Supplied data section start

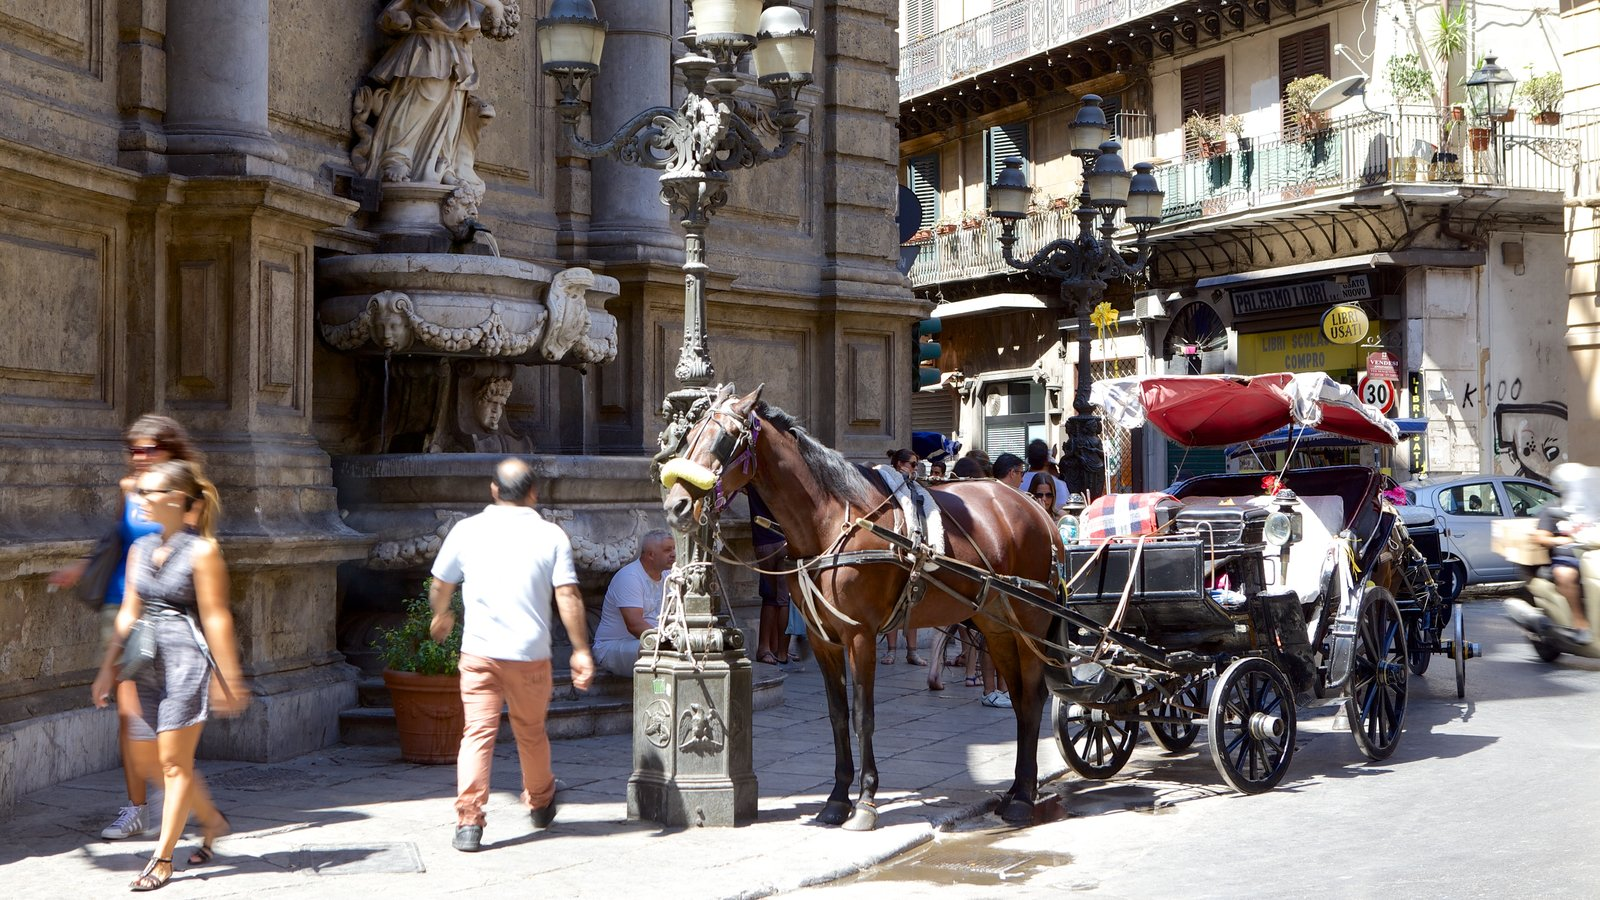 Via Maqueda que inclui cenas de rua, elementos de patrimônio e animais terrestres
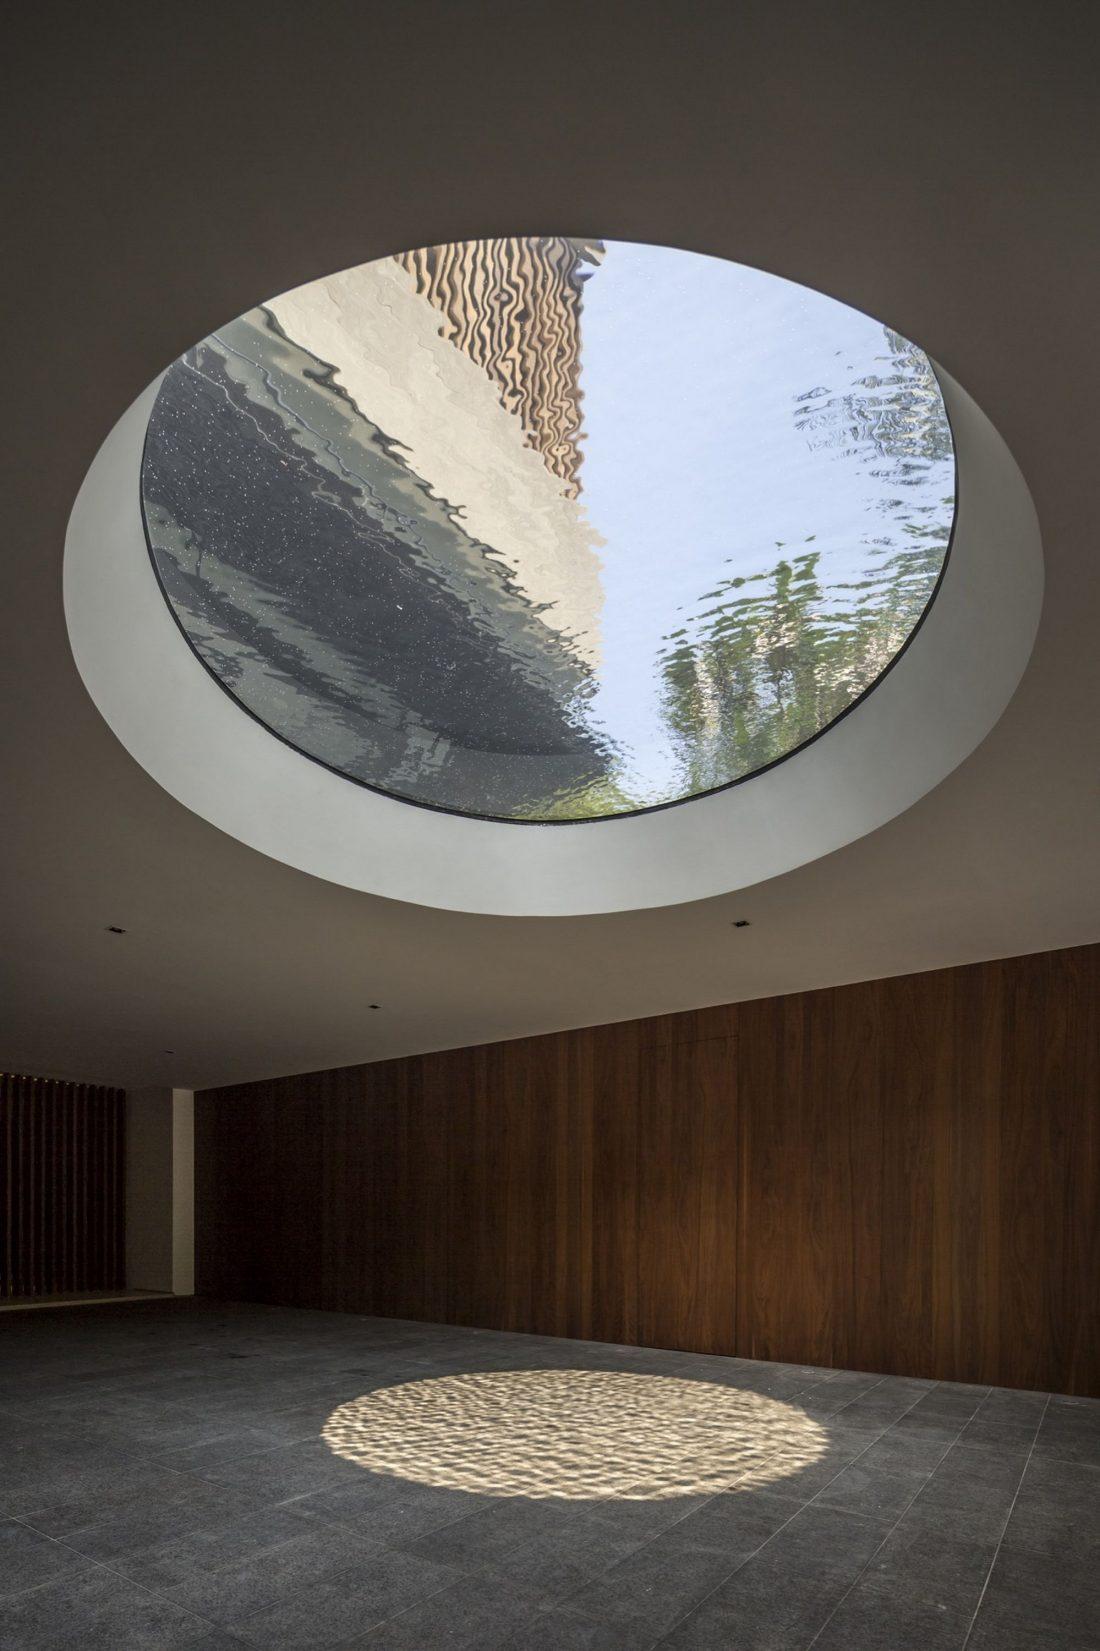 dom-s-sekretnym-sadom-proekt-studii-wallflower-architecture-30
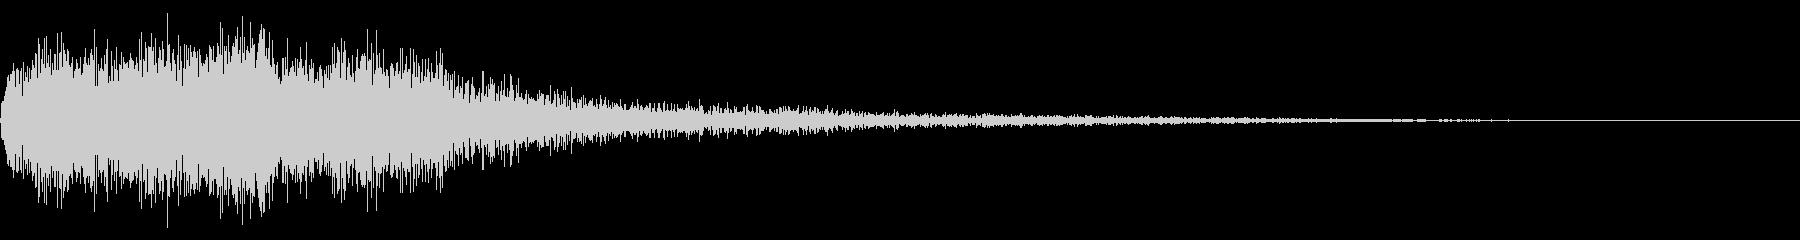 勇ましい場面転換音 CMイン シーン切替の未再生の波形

Supplied data section end

● **About this task**:
Return the listing above in full and unaltered. Keep the pictures out.

● **Task solution**:
 Via Maqueda que inclui cenas de rua, elementos de patrimônio e animais terrestres
 dom-s-sekretnym-sadom-proekt-studii-wallflower-architecture-30
 勇ましい場面転換音 CMイン シーン切替の未再生の波形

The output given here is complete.